Millionaire CEO Needs a Fake Fiancée for a Business Deal—She Steals Everyone’s Heart, Including
The Rhythm of Real Life
Breakfast at the Caldwell estate was served sharply at eight. It was not five minutes before or five minutes after. The table stretched long beneath a vaulted ceiling.
Sunlight filtered through stained glass windows. Lily sat at the edge of a velvet cushioned chair. She tried not to slouch or breathe too loudly.
Toast crackled as the server placed it just so beside her plate. Across from her Ryan scrolled through emails. To his left his grandmother, Eleanor Caldwell, sipped black coffee.
She had the precision of a woman who once ran Wall Street. She held conversations with a single eyebrow lift. Lily stirred her tea in silence. Her fingers brushed the porcelain rim.

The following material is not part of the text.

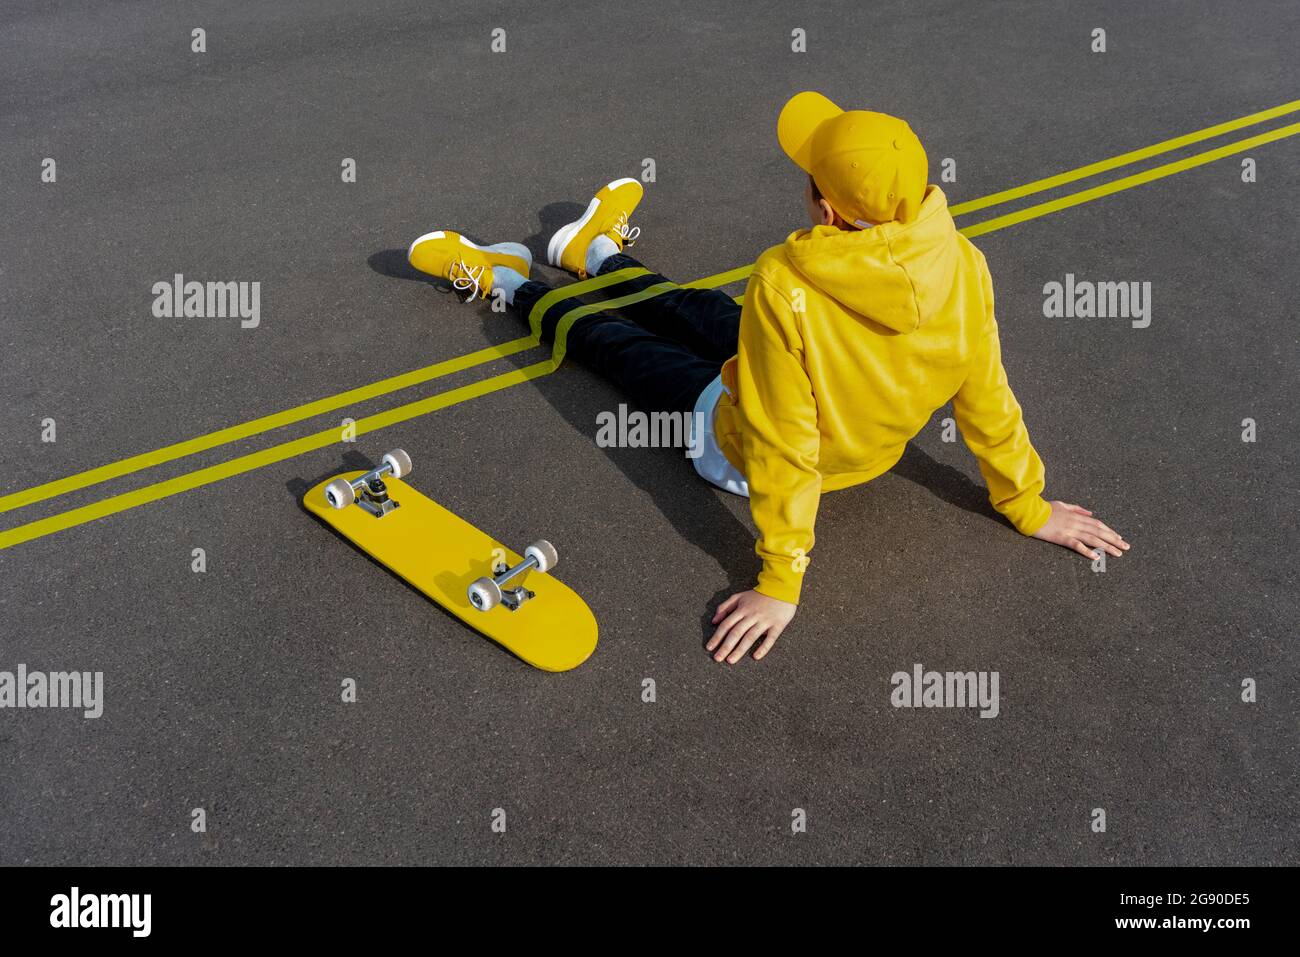 Rubans adhésifs jaunes sur les jambes de garçon par planche à roulettes sur la route Banque D'Images
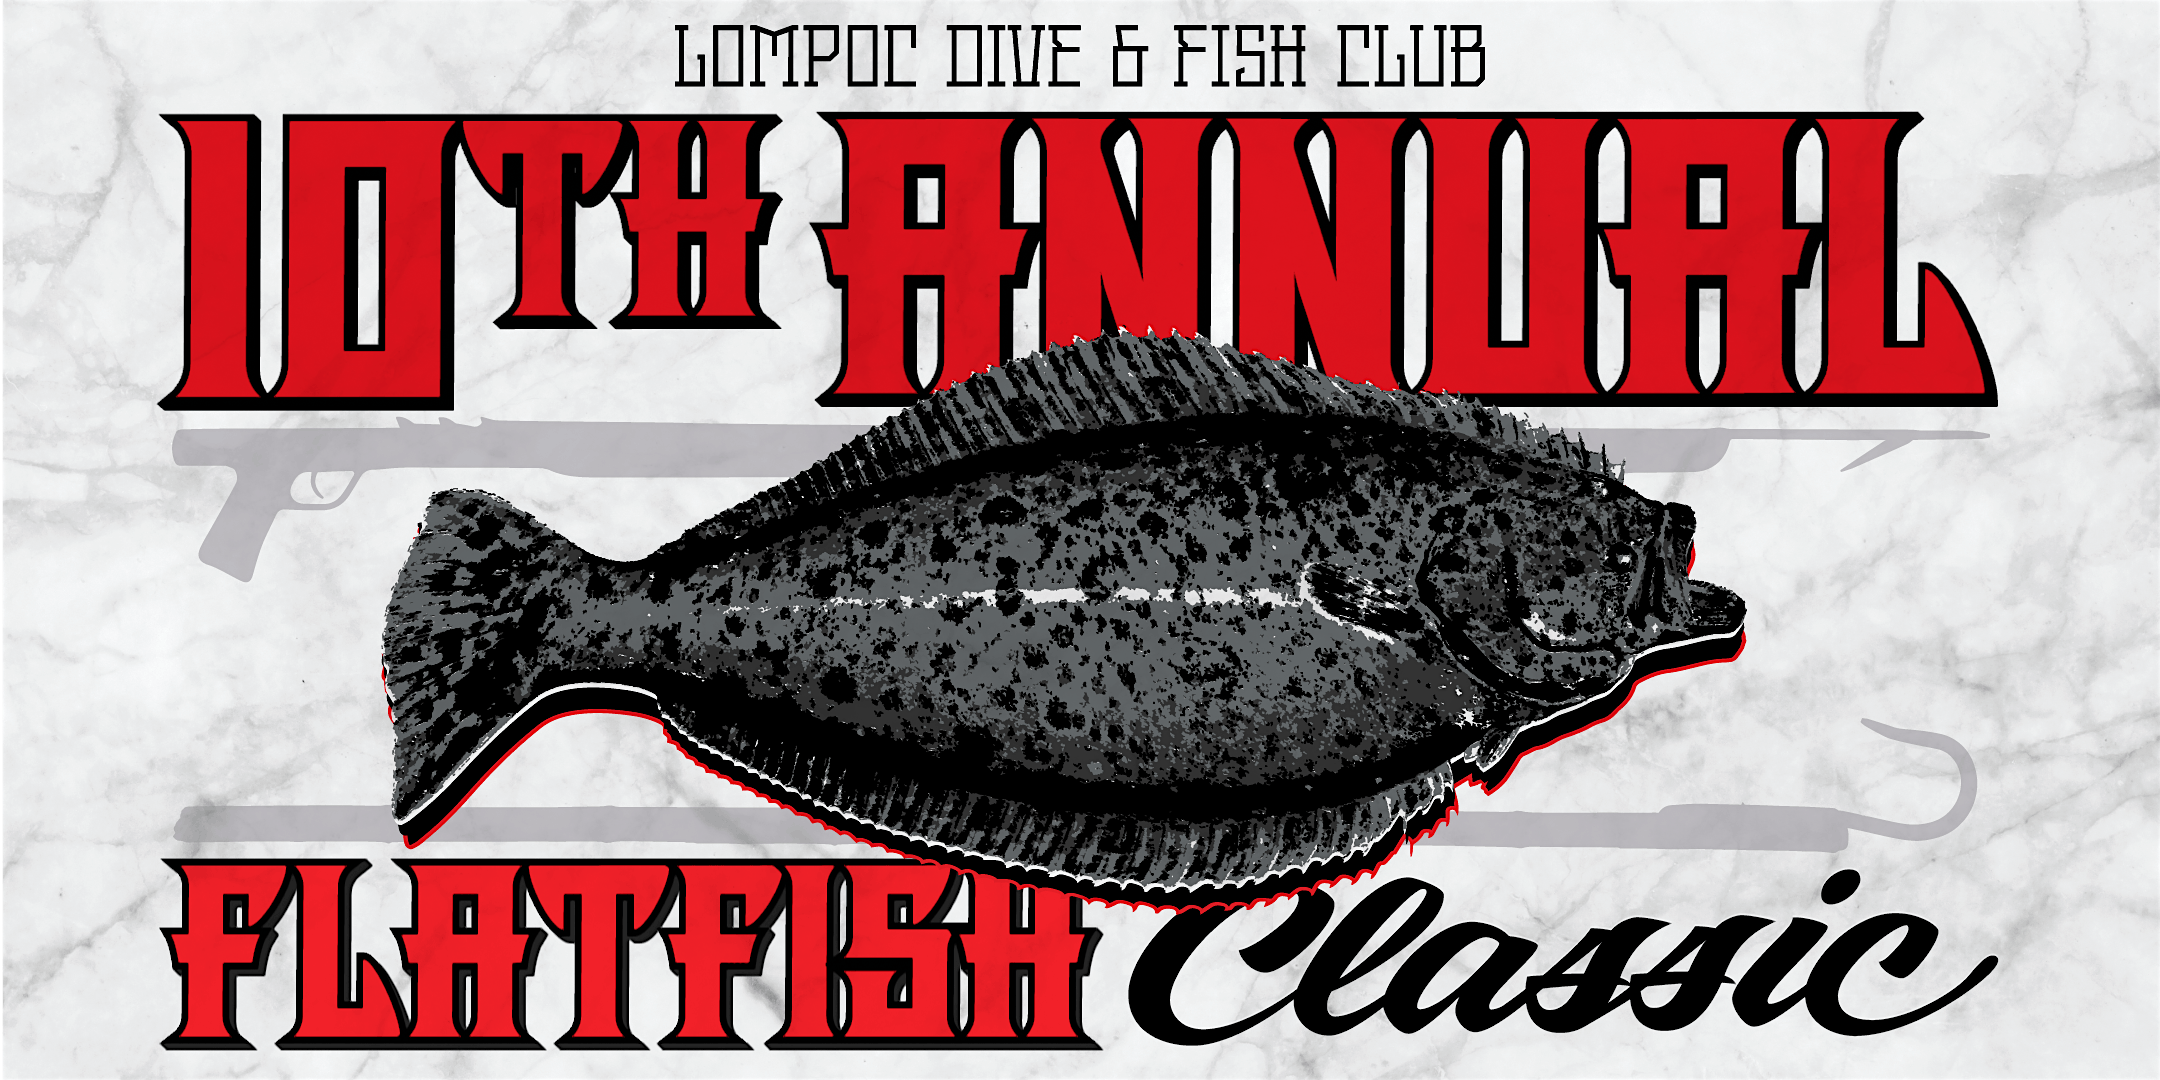 10th Annual Flat Fish Classic

This world, this house with its antique chandeliers and library wings, was not hers. But she had promised to play the part for Ryan and for the paycheck she hadn’t dared ask about yet.
She did it for the surgery she might never get in time. Later that day she found herself in the kitchen where the cook, Martha, was struggling with a creme brulee recipe.
“They’ll say it’s too sweet,” Martha muttered, slamming a spoon into the counter.
“Want to try flan?” Lily offered gently, tying back her hair.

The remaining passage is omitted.